If that describes you, this technique is not for you.

This technique is for those noble desk jockeys who are constantly looking for ways to escape the monotony of office labor. You need some way to pass the time.

That’s where desk meditation comes in. It’s a technique that I’ve developed over years of kung fu, yoga and office work. It allows you to look like you’re working, but you’re really in a total state of peace and tranquility.

You’re pondering the mysteries of the universe instead of wondering why your boss refuses to send emails without caps lock (it’s because he doesn’t know how to turn it off).

Avoid Work, Find Inner Peace, Get Paid

While it may seem like I’m joking, this is a technique I used for years before I became a freelance writer.

I won’t ask you to close your eyes, nor will I ask you to contort into a strange posture. You will look like you’re working.

You can practice this as you read through it. Bookmark this page and come back to it whenever you want to meditate at your desk. You can meditate whenever you’d like to avoid work.

It’s time to get started.

1. Desk Meditation Posture.

Elongate your spine by attempting to push your head against the ceiling. Don’t overdo it and attract attention, just sit straighter than usual.

Keep your hand on your mouse and the other hand on your keyboard. Don’t arouse any suspicion by placing your hands in your lap. Don’t even think about propping your head up with your hand.

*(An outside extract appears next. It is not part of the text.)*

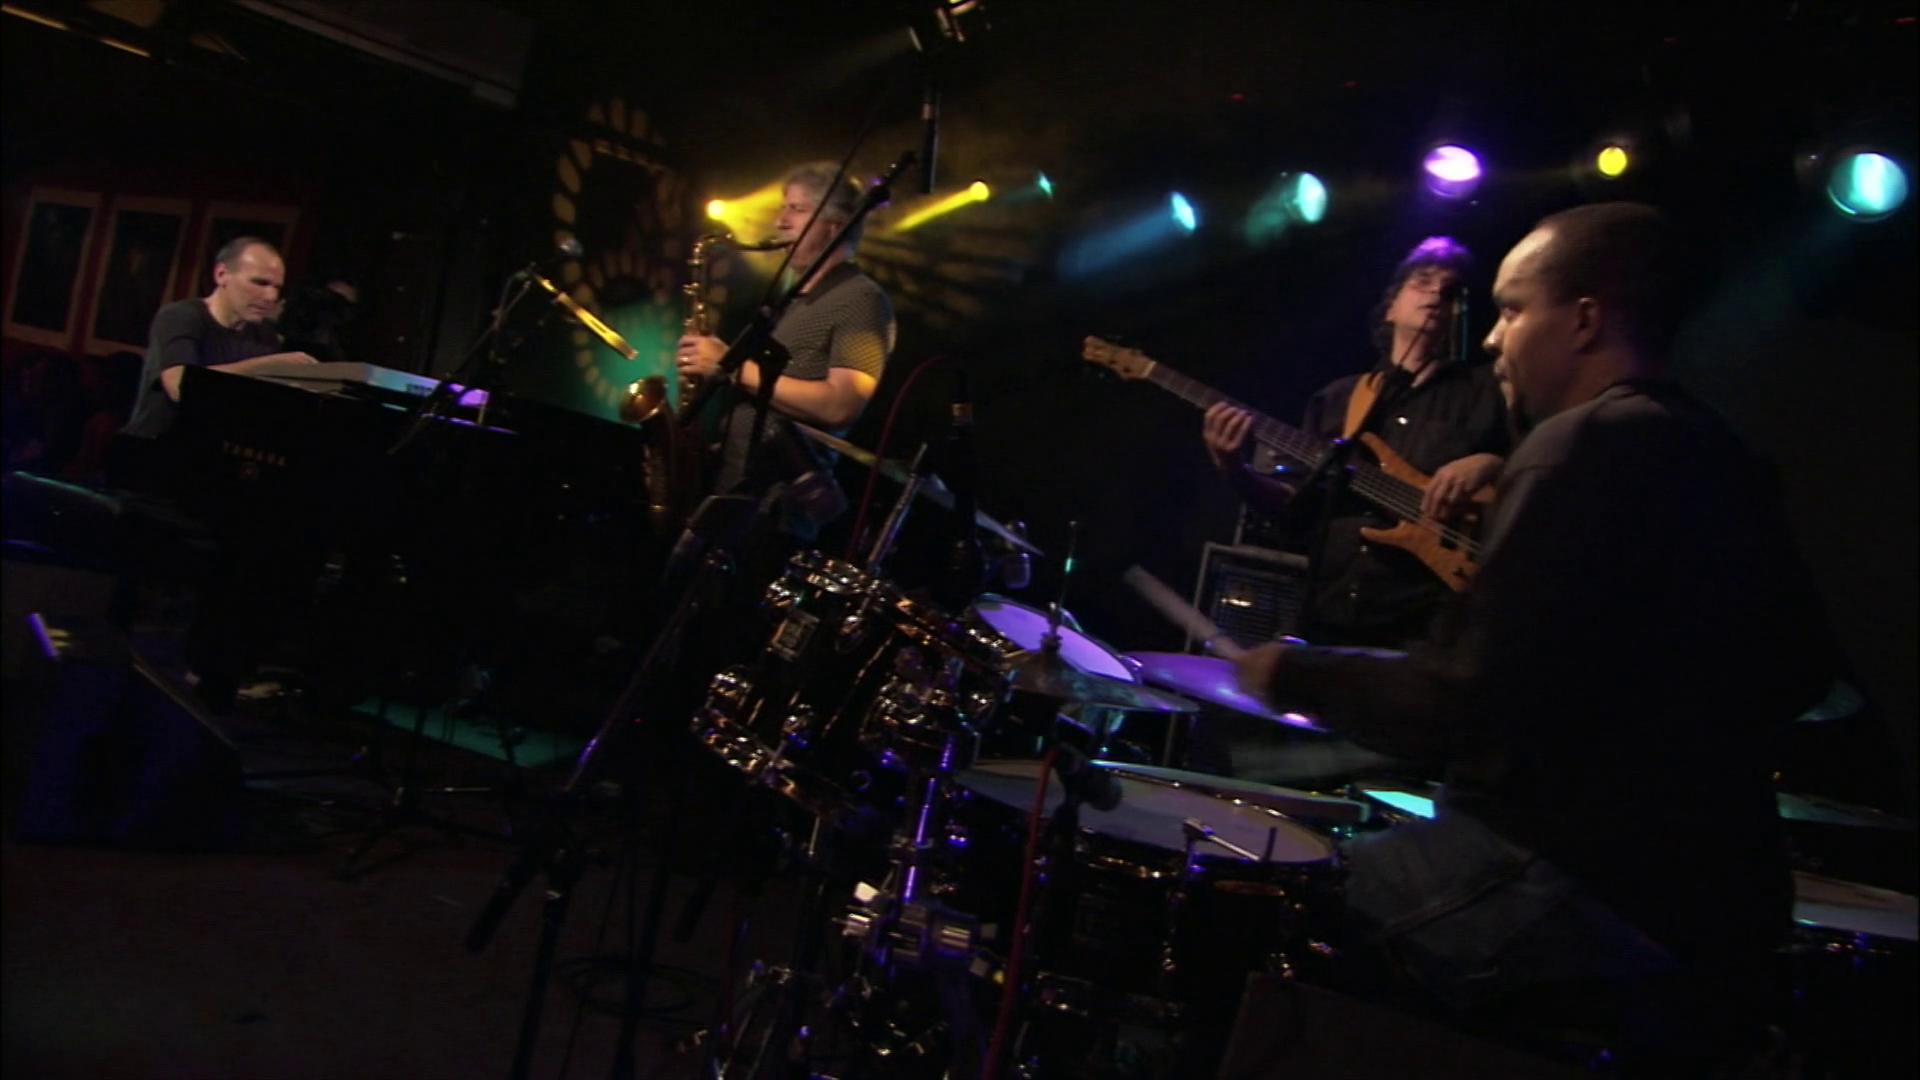 2008 Yellowjackets - New Morning - The Paris Concert [HDTV 1080p] 3

Plant both feet firmly on the ground. If that’s unusual for you, you can cross your legs or sit however you normally do. The importance of the physical posture during meditation is over rated – it’s a mental game. As long as you’re comfortable, you’re fine.

2. Focus on your breath.

Now that you’re in the appropriate desk meditation posture, start breathing from your diaphragm, also known as your belly. If this is a foreign concept, next time you go on lunch or break, put your hand on your stomach. Try to push your hand away when you inhale. Don’t do it at your desk – you don’t want to attract attention.

Shift your focus to your breath. Stop reading after this sentence and take five long inhales and exhales (start reading again after that).

Welcome back. Now, count to 6 seconds with each inhale and exhale. Do this five more times, then move to step 3.

3. Mimic Work.

By now your boss and coworkers might be getting suspicious. It’s time to start mimicking work. Keep breathing slowly and counting your inhales and exhales.

Your work is likely a combination of clicking and typing. We need to mimic that before we go further into the meditation.

Complete the below form. Don’t worry, none of the buttons will take you anywhere or do anything. It’s just to make it look like you’re working.

Keep breathing deeply from your belly.

What is your favorite color and why?

Do this:
 Check This Check This

 Uncheck those Re-check those

 Uncheck all of them

What are you thinking right now?

Check three of those boxes again.

Right click here for no reason:

If you could tell your future self one thing, what would it be?

 Check this box

Complete the above form a few more times at varying speeds if you want to look like you’re really getting stuff done.

Keep breathing deeply from your belly.

Make a face like you’re a little annoyed about something. Audibly exhale to show you’re disappointed. Don’t be too loud as to provoke a response. Now shake your head ever so slightly. Perfect.

Return to the above form whenever you feel the need to mimic work. We’re about to get deeper.

4. Shift Your Focus to the Senses

Shifting your attention to your senses will help focus your mind on the present moment. It will also increase your appreciation of food, breathing and life in general. Go slowly through each sense and give it your full attention.

Keep breathing deeply from your belly.

Twin Lotus

(this is a metaphor for your mind)

Sight: After this paragraph, stare at the image to the right. As you look at it, shift your attention to your peripheral vision. Without moving your eyeballs, how far can you see to your left and your right? Focus on any object you can see in your peripheral. A coworker, another computer, a cheesy calendar, pictures of loved ones. Do this for as long as you like, then move on to the next sense.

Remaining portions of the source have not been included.